Benjamin Franklin organized a lottery to raise money to purchase cannons for the defense of Philadelphia. Several of these lotteries offered prizes in the form of "Pieces of Eight". George Washington's Mountain Road Lottery in 1768 was unsuccessful, but these rare lottery tickets bearing Washington's signature became collector's items; one example sold for about $15,000 in 2007. Washington was also a manager for Col. Bernard Moore's "Slave Lottery" in 1769, which advertised land and slaves as prizes in The Virginia Gazette.

At the outset of the Revolutionary War, the Continental Congress used lotteries to raise money to support the Colonial Army. Alexander Hamilton wrote that lotteries should be kept simple, and that "Everybody ... will be willing to hazard a trifling sum for the chance of considerable gain ... and would prefer a small chance of winning a great deal to a great chance of winning little". Taxes had never been accepted as a way to raise public funding for projects, and this led to the popular belief that lotteries were a form of hidden tax.

At the end of the Revolutionary War the various states had to resort to lotteries to raise funds for numerous public projects.

===German-speaking countries===
The first big lottery on German soil was held in 1614 in Hamburg.

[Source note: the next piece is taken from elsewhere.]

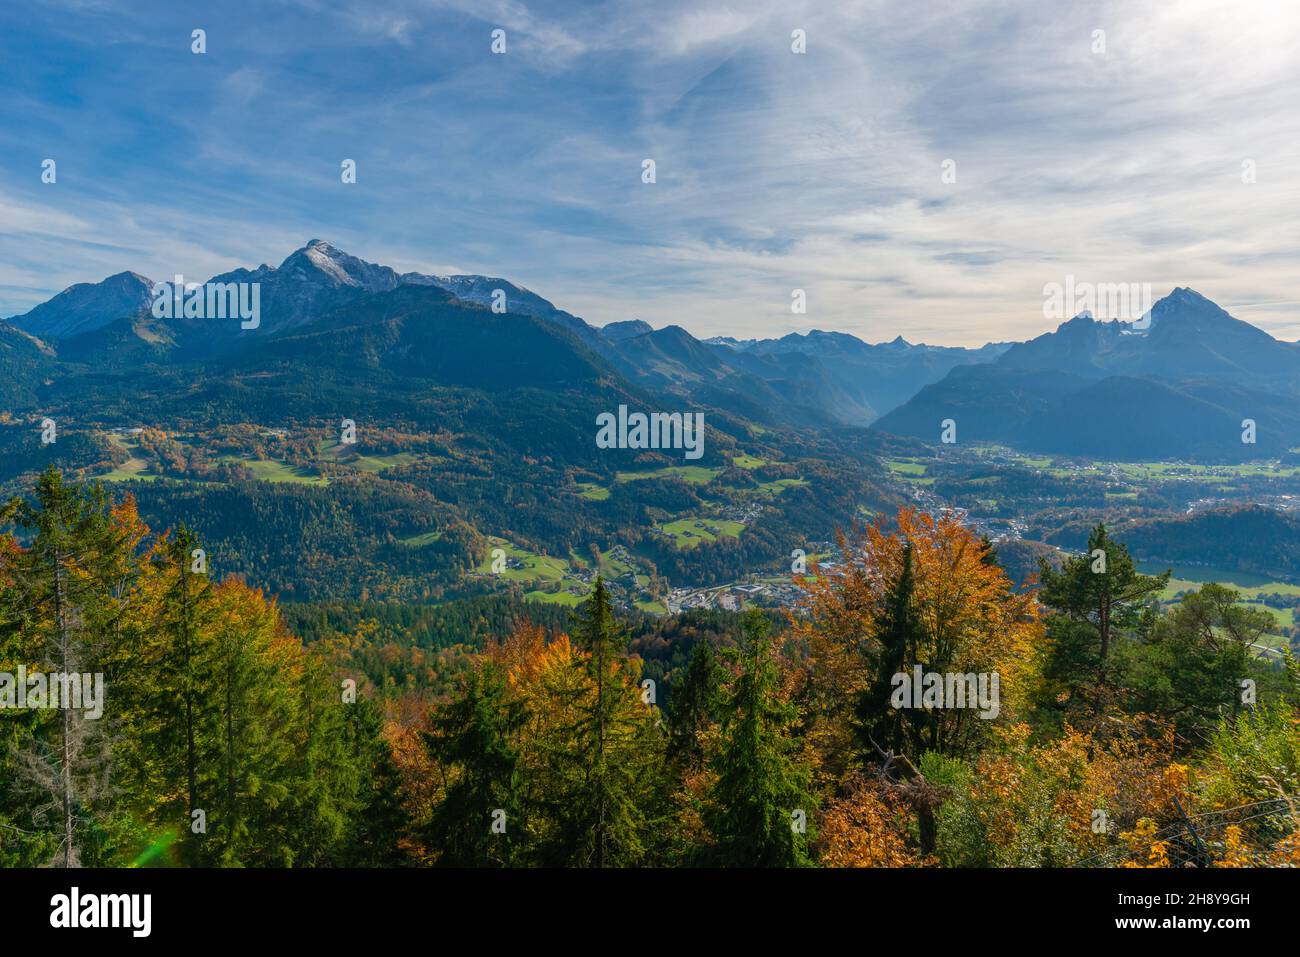 Watzmann mountain and Berchtesgaden seen from Kneifelspitz Mountain, 1168m asl, Maria Gern, Berchtesgaden, Upper Bavaria, Southern Germany Stock Photo

In Austria the first lottery was drawn in 1751, during the reign of Empress Maria Theresia, and was named Lotto di Genova since it was based on 90 numbers.

===Spain, 1763===
Spain offers a wealth of lottery games, the majority of which are operated by Loterías y Apuestas del Estado with the remaining lotteries operated by the blind charity ONCE and the Catalan government's Loteria de Catalunya. The first Spanish lottery game was played back in 1763 and, over the last two centuries, playing the lottery in Spain has developed into a tradition.

The Spanish Christmas Lottery (officially Sorteo Extraordinario de Navidad /es/ or simply Lotería de Navidad /es/) is a national lottery. It is organized every year since 1812 by a branch of the Spanish Public Administration, now called Loterías y Apuestas del Estado. The name Sorteo de Navidad was used for the first time in 1892.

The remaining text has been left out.